I must be dumb

Apparently, hyper-binary resolution is not easy. However, I have been reading the paper by Gershman and Strichman, and they make it sound like it’s the easiest thing of all — especially if you don’t do it the way they are doing it, of course.

Hyper-binary resolution is essentially very easy. Let’s say you have three clauses:

-a V b
-a V c
d V -b V -c

(where V is the binary OR, - is the binary negation, and each line must be satisfied)

If we set a=true and propagate this, then we get to the result that d=true. Which can be coded down as the clause:

-a V d

More interestingly, this new clause actually helps: if you only use the original 3 clauses, and you set d = false and propagate, nothing happens. However, if you add the new clause to the clause list, then a=false propagates automatically.

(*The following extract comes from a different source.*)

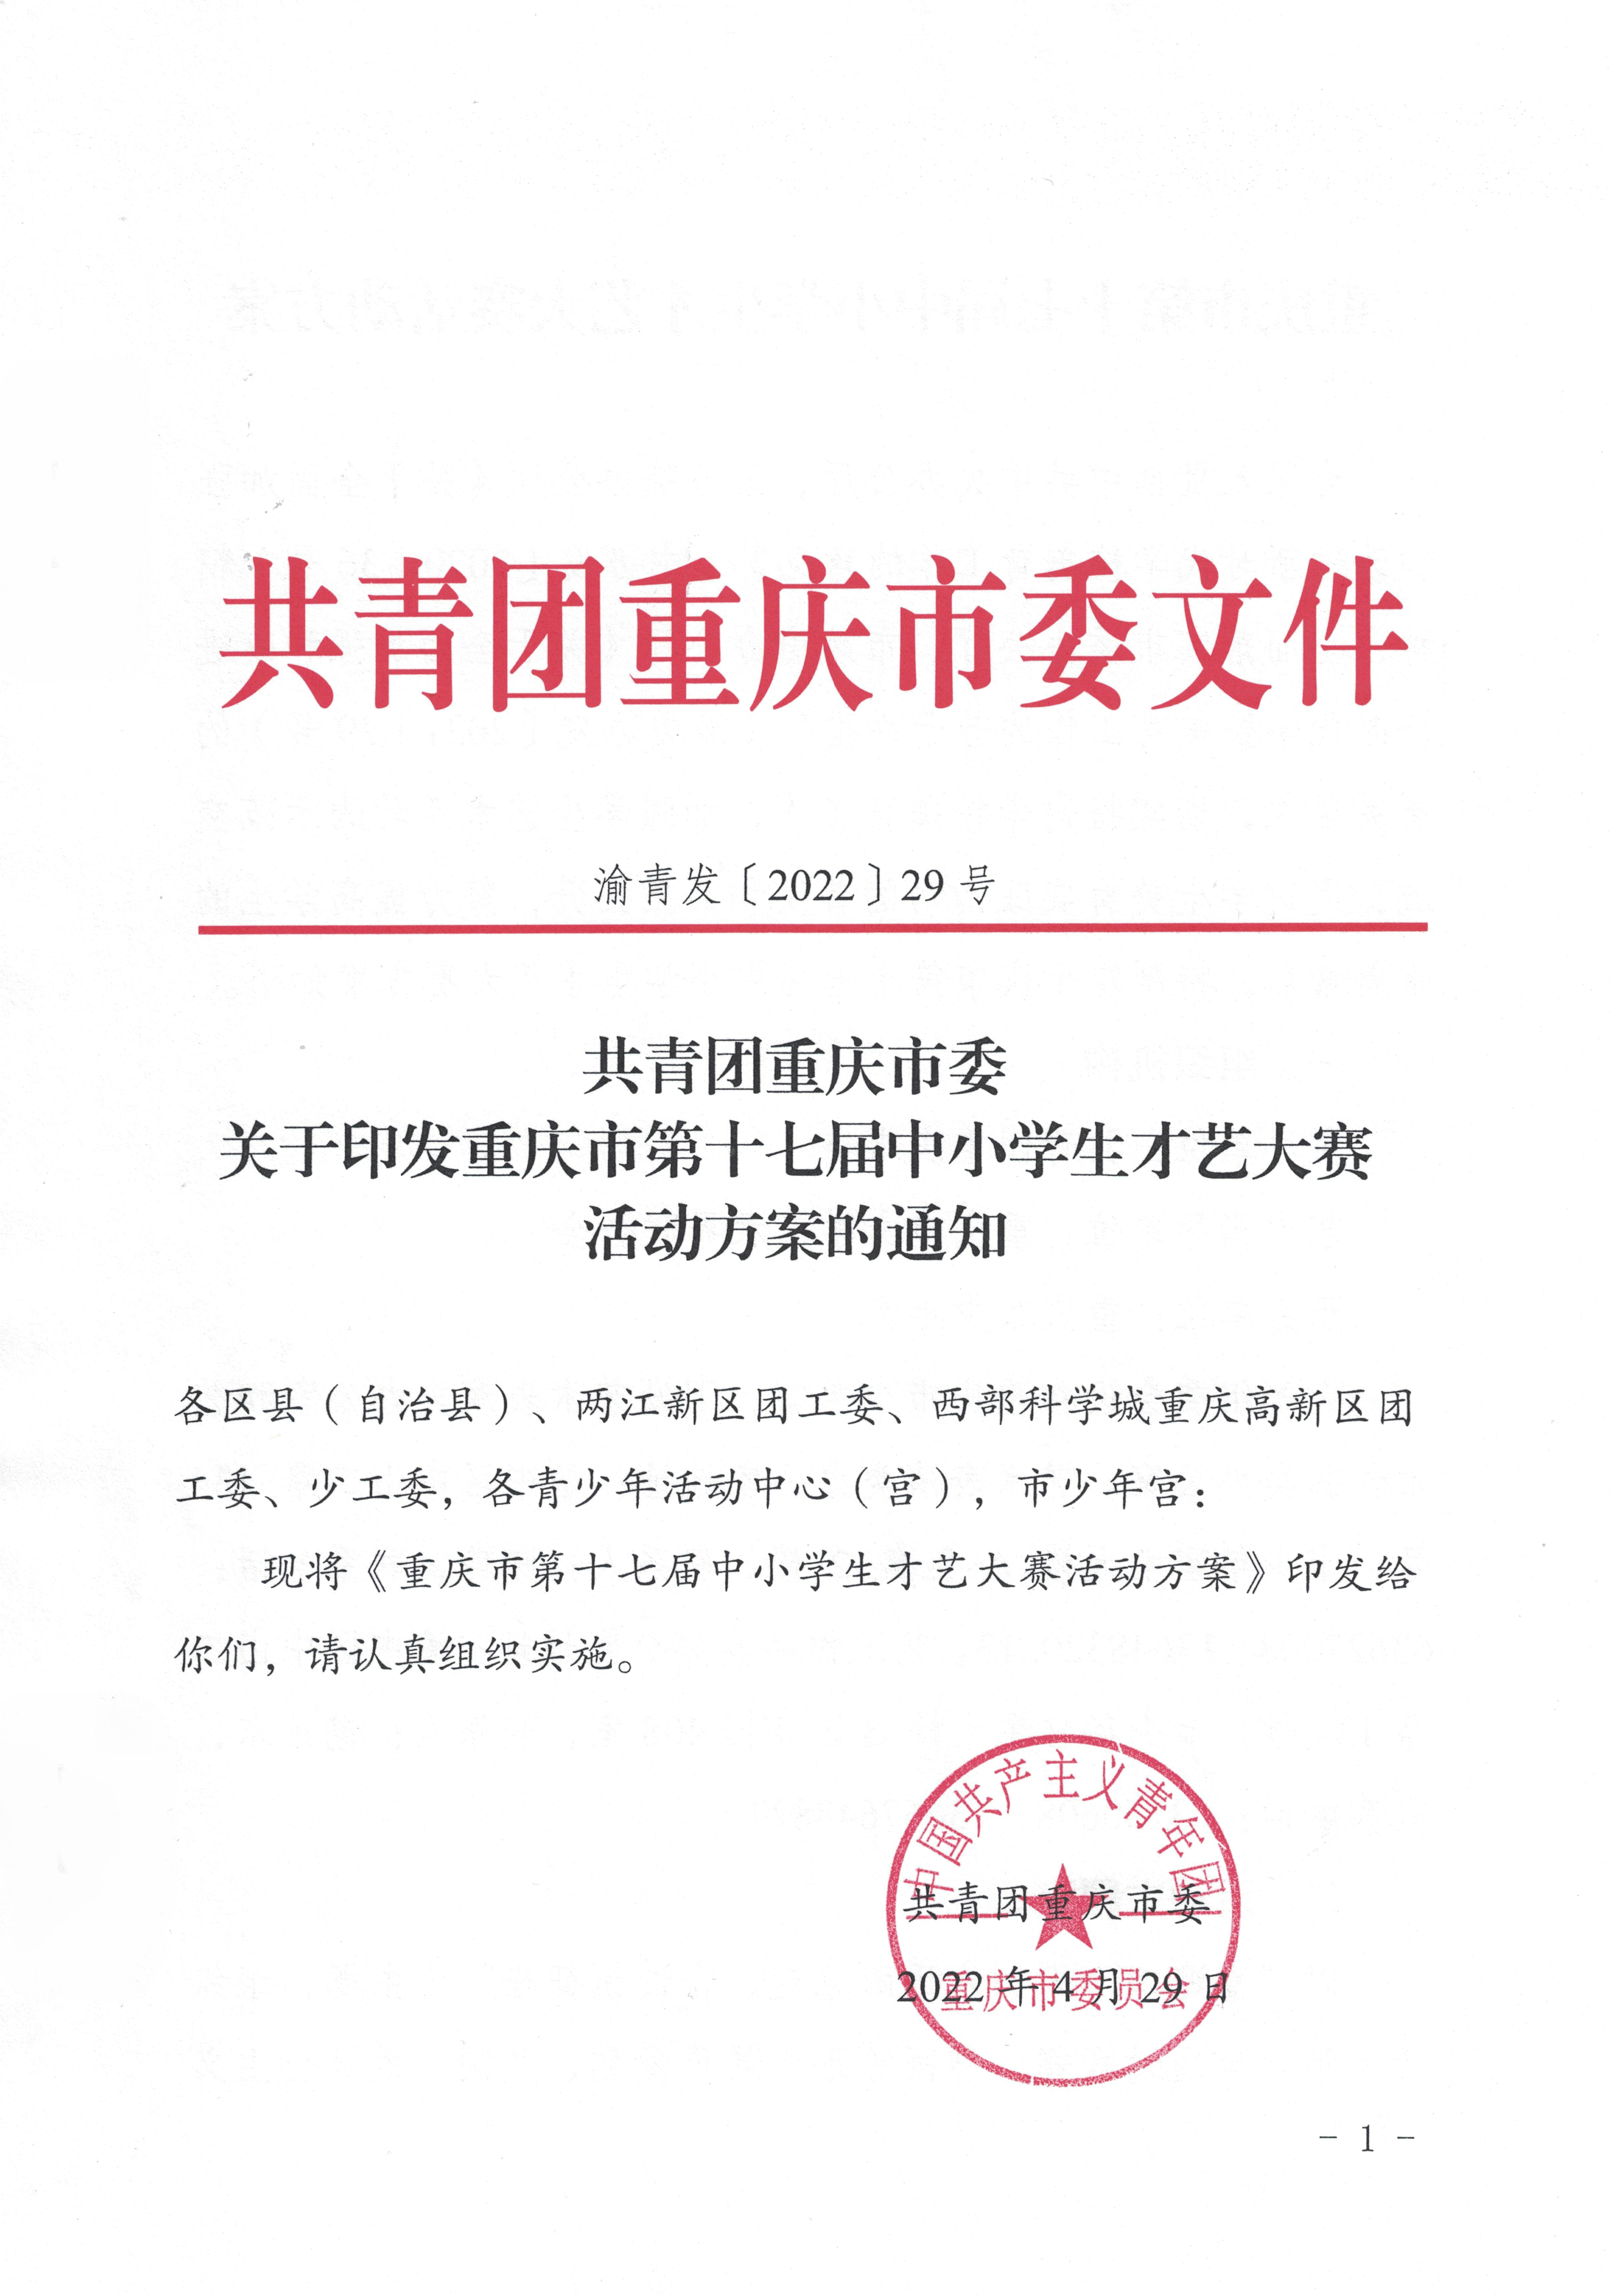 2022共青团重庆市委关于印发重庆市第十七届中小学生才艺大赛活动方案的通知 第1张

The way these kind of new binary clauses (like -a V d) could be found has been done before as follows:

  1. Build graph from binary clauses: literals are vertices and there are edges between vertices a and b if there is a binary clause -a V b
  2. Set a=true and propagate
  3. Check if every propagated fact can be reached starting from the vertex corresponding to a in the graph. If it cannot be reached, add the binary clause that represents the edge.

One can say that this algorithm works perfectly. But I am a lazy coder, and I don’t want to implement a graph library into CryptoMiniSat. What’s there to do then? Well, we can achieve the same thing with data structures already present in all modern solvers!

The trick to use is that binary clauses are propagated in a very different manner than normal clauses: they have their own watchlists, and propagating binary clauses is extremely fast. So, instead of trying to fiddle with some overoptimised graph library, we can simply write a routine, called propagateBin(), which only propagates binary clauses already inside the code. We then compare the propagate() and the results of propagateBin() and if something is missing, we add it.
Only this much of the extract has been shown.